When a woman is born, she has a fixed number of follicles, every cycle you are losing those follicles. In PCOS, there are so many eggs that you are losing because they are not being fertilised. So, women who are willing to conceive, it is recommended that they make some lifestyle changes and then, if possible, plan a pregnancy. It’s not that you cannot get pregnant, you don’t need to be unduly stressed about it. But yes, there could be a delay, maybe it will be difficult. Then you will have to seek other procedures like IVF (In vitro fertilisation).
Are there any preventive measures that women can take against PCOS?
Yes, absolutely, a gynae checkup and a visit to the physician periodically is helpful. An annual checkup is a must. Some people just get a blood test done annually, but that is not enough for women. Lifestyle is an extremely important factor. Managing stress is very important as well. I would even recommend yoga and meditation to calm your mind and your body so that good hormones are released which is great for your overall health as well. When you exercise, good hormones are released into the body, that will help with your general well being as well.
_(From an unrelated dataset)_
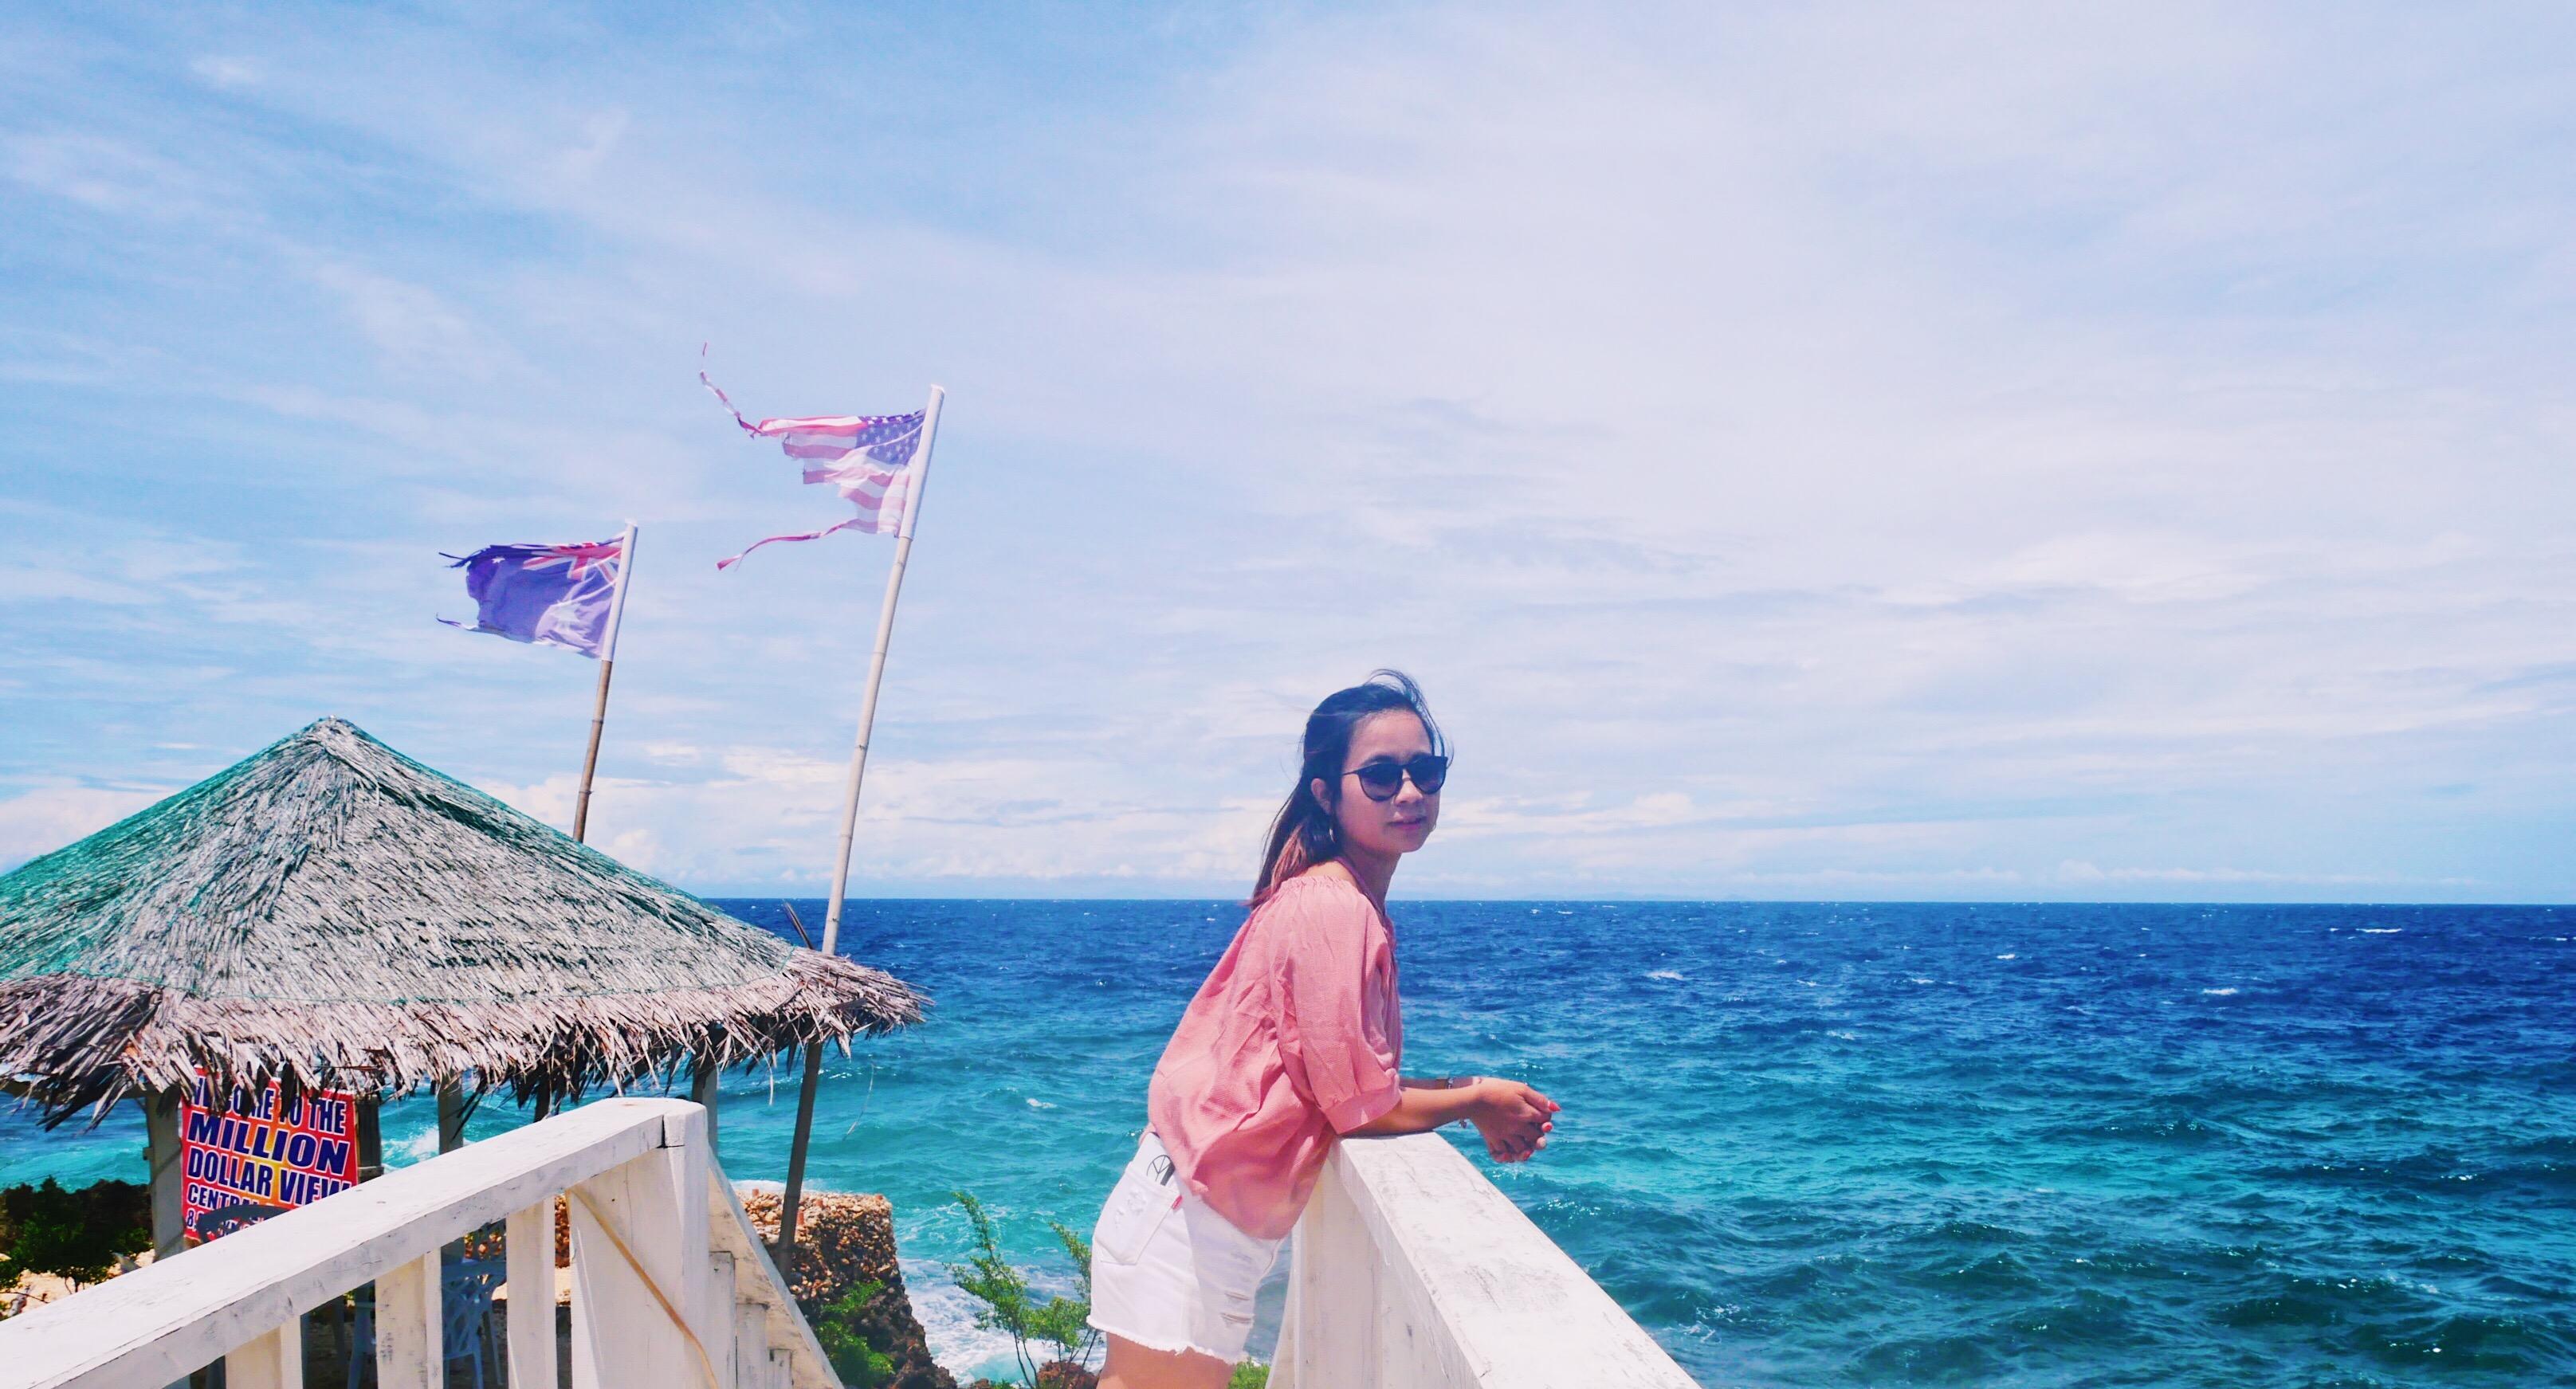 【我是达人】菲律宾旅行I潜入一片蓝色星球

How important is stress as a factor?
Stress is a big factor, it affects your insulin. Once insulin resistance develops then different conditions can develop. Once the hormonal balance is altered, it will take some time to come back to normal. You have to help yourself by exercising and shifting to a healthy lifestyle. You can stall by using drugs, you can even plan a pregnancy, but if you don’t change your lifestyle you will always be at risk. You can also be at risk of diabetes, if you are pregnant you could have gestational diabetes, and later in life you could have type 2 diabetes, coronary heart disease, ovarian cancer. If you have PCOS and if you are not taking care of yourself you could later develop any of these conditions.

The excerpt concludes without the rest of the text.